§ Activity:
In the entries that follow, find the line containing "Sinopsis Film Xxx"; from there, copy every line exactly through the line containing "How to Add UGC Links in WordPress".

************

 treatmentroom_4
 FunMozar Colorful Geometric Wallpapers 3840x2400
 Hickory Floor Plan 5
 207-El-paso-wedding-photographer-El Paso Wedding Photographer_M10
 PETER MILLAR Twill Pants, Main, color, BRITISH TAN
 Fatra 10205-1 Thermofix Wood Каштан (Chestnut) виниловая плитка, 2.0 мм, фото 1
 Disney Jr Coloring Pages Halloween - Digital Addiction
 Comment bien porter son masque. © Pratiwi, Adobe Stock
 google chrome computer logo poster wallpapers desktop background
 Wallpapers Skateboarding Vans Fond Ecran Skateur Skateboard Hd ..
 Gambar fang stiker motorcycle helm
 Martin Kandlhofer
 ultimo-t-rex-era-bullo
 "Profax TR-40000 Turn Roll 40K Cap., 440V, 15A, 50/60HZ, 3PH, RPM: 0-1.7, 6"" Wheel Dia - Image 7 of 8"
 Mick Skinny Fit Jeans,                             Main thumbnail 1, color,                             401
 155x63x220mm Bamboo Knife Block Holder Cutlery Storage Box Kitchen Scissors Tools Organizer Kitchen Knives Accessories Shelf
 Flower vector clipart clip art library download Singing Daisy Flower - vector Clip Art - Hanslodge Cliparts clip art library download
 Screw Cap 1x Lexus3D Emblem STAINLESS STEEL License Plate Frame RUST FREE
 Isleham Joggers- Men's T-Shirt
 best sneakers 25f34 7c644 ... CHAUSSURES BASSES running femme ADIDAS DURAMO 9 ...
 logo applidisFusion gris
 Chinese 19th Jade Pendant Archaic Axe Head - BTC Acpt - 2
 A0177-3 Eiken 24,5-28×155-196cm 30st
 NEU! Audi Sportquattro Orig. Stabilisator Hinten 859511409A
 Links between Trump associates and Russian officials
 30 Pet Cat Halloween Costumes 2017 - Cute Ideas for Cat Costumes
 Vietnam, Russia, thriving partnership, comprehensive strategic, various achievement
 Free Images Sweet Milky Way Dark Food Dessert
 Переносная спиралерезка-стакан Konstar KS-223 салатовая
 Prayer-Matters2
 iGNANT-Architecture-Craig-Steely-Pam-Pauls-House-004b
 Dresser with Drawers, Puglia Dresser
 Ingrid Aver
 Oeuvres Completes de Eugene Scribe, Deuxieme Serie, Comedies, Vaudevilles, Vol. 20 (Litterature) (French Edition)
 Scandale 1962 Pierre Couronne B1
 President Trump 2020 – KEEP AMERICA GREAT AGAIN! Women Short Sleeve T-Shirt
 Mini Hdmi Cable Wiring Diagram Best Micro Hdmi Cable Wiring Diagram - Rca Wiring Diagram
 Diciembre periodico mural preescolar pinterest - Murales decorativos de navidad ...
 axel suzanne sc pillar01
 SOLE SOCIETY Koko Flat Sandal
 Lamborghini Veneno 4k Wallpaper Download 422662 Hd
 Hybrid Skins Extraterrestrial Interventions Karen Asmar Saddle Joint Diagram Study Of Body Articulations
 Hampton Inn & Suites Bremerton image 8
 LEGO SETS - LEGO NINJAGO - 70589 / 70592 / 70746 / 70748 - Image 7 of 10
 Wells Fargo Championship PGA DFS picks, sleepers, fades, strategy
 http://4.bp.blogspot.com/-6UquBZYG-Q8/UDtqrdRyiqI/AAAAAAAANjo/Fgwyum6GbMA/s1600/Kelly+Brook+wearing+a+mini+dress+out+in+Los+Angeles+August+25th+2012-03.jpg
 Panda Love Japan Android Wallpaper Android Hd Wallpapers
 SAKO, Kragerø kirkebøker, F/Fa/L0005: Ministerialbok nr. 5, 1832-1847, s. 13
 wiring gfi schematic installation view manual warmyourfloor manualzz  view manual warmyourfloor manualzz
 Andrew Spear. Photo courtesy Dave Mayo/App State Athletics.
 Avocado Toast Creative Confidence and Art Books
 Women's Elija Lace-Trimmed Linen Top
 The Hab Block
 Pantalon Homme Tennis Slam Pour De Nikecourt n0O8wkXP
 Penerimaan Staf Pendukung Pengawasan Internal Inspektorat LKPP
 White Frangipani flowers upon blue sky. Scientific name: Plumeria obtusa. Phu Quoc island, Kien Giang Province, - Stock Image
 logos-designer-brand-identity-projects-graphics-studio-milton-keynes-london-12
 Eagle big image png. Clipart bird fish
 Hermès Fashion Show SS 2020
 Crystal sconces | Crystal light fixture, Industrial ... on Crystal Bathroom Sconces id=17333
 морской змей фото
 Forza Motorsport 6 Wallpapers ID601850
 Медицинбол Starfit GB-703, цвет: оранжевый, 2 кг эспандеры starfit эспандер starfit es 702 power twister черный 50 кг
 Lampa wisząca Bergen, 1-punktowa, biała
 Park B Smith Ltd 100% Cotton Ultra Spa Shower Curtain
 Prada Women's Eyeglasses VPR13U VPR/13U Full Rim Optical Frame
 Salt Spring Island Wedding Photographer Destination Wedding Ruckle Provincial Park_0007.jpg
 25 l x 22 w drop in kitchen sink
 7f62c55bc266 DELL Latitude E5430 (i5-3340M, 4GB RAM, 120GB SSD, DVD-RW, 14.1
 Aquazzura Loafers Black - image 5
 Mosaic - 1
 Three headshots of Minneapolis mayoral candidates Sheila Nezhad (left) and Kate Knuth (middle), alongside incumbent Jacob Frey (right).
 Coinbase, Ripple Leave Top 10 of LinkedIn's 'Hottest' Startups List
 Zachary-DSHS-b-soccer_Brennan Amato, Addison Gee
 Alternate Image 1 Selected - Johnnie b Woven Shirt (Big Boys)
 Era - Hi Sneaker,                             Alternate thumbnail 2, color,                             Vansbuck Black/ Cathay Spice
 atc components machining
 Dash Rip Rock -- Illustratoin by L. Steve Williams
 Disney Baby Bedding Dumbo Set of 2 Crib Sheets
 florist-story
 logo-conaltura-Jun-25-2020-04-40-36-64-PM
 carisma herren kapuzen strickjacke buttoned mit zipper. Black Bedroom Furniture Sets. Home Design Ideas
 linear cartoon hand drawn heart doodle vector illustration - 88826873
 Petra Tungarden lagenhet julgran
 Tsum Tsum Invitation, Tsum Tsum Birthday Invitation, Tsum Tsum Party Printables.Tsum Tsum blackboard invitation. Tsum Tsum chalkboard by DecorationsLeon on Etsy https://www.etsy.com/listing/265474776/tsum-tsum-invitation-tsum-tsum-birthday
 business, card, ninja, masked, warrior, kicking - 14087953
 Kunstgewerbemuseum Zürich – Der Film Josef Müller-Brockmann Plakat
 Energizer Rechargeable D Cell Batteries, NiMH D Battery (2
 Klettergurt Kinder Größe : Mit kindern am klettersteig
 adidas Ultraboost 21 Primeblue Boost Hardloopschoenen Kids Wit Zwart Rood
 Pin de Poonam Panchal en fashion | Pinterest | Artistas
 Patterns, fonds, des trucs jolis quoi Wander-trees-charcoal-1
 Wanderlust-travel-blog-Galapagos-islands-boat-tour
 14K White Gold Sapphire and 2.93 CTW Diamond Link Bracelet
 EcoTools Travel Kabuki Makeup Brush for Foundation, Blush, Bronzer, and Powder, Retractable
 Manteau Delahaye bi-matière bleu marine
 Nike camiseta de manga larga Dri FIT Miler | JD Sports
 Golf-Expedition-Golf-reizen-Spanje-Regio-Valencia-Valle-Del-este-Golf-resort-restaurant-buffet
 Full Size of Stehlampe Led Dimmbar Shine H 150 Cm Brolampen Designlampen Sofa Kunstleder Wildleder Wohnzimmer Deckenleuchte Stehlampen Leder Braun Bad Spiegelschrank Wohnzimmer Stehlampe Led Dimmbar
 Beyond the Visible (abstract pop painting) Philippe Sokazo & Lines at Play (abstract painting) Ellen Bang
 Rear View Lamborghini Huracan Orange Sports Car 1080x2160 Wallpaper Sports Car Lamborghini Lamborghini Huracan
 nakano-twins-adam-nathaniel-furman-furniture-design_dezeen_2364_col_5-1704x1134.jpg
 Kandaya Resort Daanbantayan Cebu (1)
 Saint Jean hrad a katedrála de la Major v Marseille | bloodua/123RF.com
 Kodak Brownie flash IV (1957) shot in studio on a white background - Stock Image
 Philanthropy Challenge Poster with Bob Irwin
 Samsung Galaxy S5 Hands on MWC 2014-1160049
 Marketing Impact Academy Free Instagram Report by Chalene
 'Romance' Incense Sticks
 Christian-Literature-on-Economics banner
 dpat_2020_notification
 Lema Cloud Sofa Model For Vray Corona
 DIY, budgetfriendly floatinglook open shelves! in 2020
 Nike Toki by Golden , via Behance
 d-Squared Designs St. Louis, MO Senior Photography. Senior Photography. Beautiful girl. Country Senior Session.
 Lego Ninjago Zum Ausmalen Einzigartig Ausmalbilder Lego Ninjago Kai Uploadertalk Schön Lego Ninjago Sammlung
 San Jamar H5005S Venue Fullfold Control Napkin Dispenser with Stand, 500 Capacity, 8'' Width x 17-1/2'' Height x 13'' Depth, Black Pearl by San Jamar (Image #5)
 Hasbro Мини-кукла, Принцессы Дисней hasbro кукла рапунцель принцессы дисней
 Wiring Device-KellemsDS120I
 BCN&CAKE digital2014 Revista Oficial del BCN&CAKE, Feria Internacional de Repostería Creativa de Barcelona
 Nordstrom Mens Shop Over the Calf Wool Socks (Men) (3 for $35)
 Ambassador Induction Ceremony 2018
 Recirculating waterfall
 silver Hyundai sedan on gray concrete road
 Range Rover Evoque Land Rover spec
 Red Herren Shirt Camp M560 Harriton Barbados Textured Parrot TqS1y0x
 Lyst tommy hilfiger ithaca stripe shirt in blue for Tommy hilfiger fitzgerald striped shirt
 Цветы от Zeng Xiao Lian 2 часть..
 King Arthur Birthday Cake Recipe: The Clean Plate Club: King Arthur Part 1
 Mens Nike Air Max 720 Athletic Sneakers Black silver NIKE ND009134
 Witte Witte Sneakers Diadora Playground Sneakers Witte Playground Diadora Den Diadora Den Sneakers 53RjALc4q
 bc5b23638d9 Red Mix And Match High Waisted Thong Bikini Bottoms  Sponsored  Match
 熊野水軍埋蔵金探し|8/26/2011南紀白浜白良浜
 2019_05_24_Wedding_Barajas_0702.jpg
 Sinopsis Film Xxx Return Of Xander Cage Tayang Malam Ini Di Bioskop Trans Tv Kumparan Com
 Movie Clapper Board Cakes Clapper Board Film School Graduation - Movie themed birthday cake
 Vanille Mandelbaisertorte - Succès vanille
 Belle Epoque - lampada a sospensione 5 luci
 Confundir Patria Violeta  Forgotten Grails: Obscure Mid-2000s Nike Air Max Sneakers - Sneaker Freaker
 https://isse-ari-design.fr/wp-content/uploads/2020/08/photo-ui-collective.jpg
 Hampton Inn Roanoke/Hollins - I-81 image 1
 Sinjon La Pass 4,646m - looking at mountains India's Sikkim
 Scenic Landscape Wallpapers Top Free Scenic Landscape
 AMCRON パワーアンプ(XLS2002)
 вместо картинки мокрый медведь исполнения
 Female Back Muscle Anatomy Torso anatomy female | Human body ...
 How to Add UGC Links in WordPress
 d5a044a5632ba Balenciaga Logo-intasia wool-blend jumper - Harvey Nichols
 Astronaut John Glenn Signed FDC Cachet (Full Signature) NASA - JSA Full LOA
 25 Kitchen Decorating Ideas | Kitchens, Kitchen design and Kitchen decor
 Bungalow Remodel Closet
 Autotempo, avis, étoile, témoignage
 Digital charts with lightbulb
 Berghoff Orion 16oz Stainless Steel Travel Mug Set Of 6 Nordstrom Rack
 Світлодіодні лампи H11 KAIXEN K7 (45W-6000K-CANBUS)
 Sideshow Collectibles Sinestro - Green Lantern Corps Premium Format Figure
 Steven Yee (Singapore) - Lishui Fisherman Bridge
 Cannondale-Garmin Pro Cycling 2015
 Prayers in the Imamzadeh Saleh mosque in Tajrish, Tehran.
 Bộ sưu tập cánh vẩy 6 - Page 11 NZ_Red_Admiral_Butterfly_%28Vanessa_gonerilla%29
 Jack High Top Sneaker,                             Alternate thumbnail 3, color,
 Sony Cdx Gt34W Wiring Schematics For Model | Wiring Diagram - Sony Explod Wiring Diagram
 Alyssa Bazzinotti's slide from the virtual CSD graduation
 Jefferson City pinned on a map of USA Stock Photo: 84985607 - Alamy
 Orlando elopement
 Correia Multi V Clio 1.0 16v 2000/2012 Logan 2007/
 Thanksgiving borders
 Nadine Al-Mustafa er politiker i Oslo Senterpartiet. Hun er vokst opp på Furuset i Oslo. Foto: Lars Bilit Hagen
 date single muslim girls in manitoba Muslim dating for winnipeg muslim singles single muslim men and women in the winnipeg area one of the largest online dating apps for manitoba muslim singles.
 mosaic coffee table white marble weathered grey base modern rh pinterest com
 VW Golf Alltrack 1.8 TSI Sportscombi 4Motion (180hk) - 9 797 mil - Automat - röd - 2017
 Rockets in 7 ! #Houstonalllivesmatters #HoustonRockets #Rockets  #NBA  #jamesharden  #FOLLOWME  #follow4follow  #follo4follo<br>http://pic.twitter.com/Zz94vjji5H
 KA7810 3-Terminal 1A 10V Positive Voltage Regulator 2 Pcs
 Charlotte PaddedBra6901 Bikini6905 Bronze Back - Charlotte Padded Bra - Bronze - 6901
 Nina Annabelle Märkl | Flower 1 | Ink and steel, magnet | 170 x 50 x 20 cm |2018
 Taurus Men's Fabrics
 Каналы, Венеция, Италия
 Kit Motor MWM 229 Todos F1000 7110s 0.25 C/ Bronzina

************

§ Solution to this task:
 Sinopsis Film Xxx Return Of Xander Cage Tayang Malam Ini Di Bioskop Trans Tv Kumparan Com
 Movie Clapper Board Cakes Clapper Board Film School Graduation - Movie themed birthday cake
 Vanille Mandelbaisertorte - Succès vanille
 Belle Epoque - lampada a sospensione 5 luci
 Confundir Patria Violeta  Forgotten Grails: Obscure Mid-2000s Nike Air Max Sneakers - Sneaker Freaker
 https://isse-ari-design.fr/wp-content/uploads/2020/08/photo-ui-collective.jpg
 Hampton Inn Roanoke/Hollins - I-81 image 1
 Sinjon La Pass 4,646m - looking at mountains India's Sikkim
 Scenic Landscape Wallpapers Top Free Scenic Landscape
 AMCRON パワーアンプ(XLS2002)
 вместо картинки мокрый медведь исполнения
 Female Back Muscle Anatomy Torso anatomy female | Human body ...
 How to Add UGC Links in WordPress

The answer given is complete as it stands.